It is always fascinating to look back on the early days of football and contrast how much the game has evolved throughout the years, often leading to some fascinating conclusions. And it is also quite interesting to see how many different clubs started their existences as it in some cases paved the way for what they would eventually become.
Although it may be a bit hard to believe, football was not always the worldwide phenomenon that it is today, with these millionaire contracts, amazing structures, clubs that are managed like giant companies, football players with a lot of specific and detailed preparations, etc. At some point, going back to the late 19th century, when the first official regulations were just emerging in England, football was much simpler.
In fact, by and large, football during those days was much more of a working man’s hobby and it wasn’t even a profession at the time, with most people just doing it for fun or health purposes. This is perhaps the biggest different to what we see today and one of the biggest reasons as to why the beautiful game has changed so much throughout the years.
The football clubs that are known as the biggest in the world nowadays did not exist back then or were just being born from the local companies that formed their teams to play with each other. Therefore, things that are currently only seen in amateur football were seen as football players did not charge to play and had other professional jobs. That was the reality of football at that time.
In that particular context, West Bromwich Albion was born, which at that time (1878) was called West Bromwich Strollers and was formed by the company Salter’s Spring Works, a local business that produced different types of scales, so that its players had entertainment that would distract them from their labors. West Brom would be in 1888 one of the founders of the Football League, the first organized association football league in the world and naturally the first one in English football.
West Brom is one of most traditional football clubs in England and while they don’t have the biggest amount of trophies compared to the likes of Manchester United or Liverpool, they go all the way back to the early beginnings of English football as a professional sport.
Louis Ford, an English businessman born in 1845 in the city of West Brom, was a man who was closely related to the creation of the Football League. As an interesting fact, prior to the creation of the league, Ford was a football referee, as were most of the members of the committee that created the Football League.
In 1887, he would join West Brom as an honorary financial secretary since he did not receive a salary for such work. By 1890, he would take over the team as manager and become the first paid manager in the then-short history of the Baggies, earning £50 a year.

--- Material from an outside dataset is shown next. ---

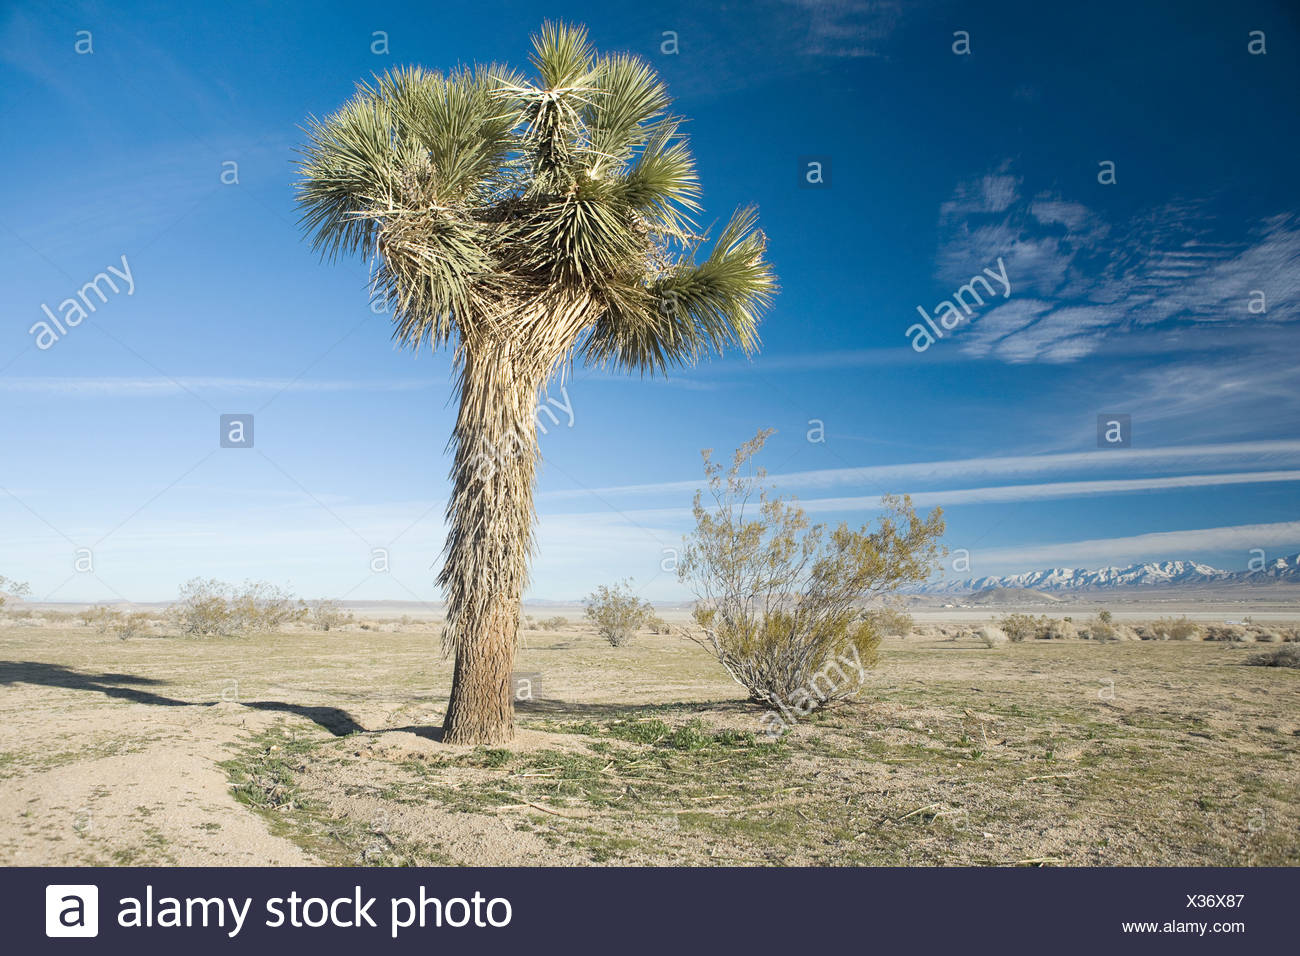 Tree on the Californian salt flats - Stock Image

Here are some of the notorious differences that existed at that time with today’s football in terms of finances and how the process of selecting and hiring a manager was done.
Under Ford’s leadership, West Brom would win their second FA Cup in 1892, after the one achieved in 1888. In the final they faced Aston Villa who would be no match for the Baggies who won 3-0. This would be a new episode of what would end up being a local rivalry in English football due to the geographical proximity between the two clubs and for a couple of important victories that Villa had over West Brom in previous FA Cup finals.

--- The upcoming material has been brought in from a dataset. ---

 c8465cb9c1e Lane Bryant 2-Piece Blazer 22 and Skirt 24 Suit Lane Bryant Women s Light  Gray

As you can see, this is how some of the classic rivalries in football started to appear and how the culture of these clubs was starting to develop, sometimes being kept alive even to this very day. It is one of the most fascinating aspects of doing research about a club’s history–you develop a greater understanding of why things happened the way they did and how it influences a football club’s present.
But focusing on West Brom and their results under Ford’s tenure, it is also worth pointing out that, at that time, the FA Cup was the most important competition in football (also the first official competition in the history of the sport) and during the late 1880s and early 1890s, the Albion club had reached four finals, managing to be champions twice, so they were considered one of the best clubs in the United Kingdom by the end of the 19th century.
Louis Ford would leave his position as West Brom’s football manager in 1892, although he would later return to the club as a kind of Football Director in 1896, which is was something quite unique at that particular time and it shows the kind of club West Brom where.
In parallel to his responsibilities as manager of West Brom, Ford also served as FA councilor between 1890 and 1893. Then, in 1894, he would assume as vice president of the federation until 1897, thanks to his role as one of the main promoters of the Football League. Afterwards, he would take the position of secretary at Walsall FC and at Leicester Fosse.
His time at Leicester would be interrupted and seriously affected by the start of World War I due to the fact that football stopped being a priority for the British and it began to promote that young people go to the battlefield instead of the football pitch.
Overall, Louis Ford was one of the first significant football managers in England in the 19th century and he would prove to be instrumental in the growth and development of not only the sport in British nation, but also on how much West Brom improved under his tutelage, showcasing the role that football managers were going to have in the foreseeable future, which is something that is worth taking into account.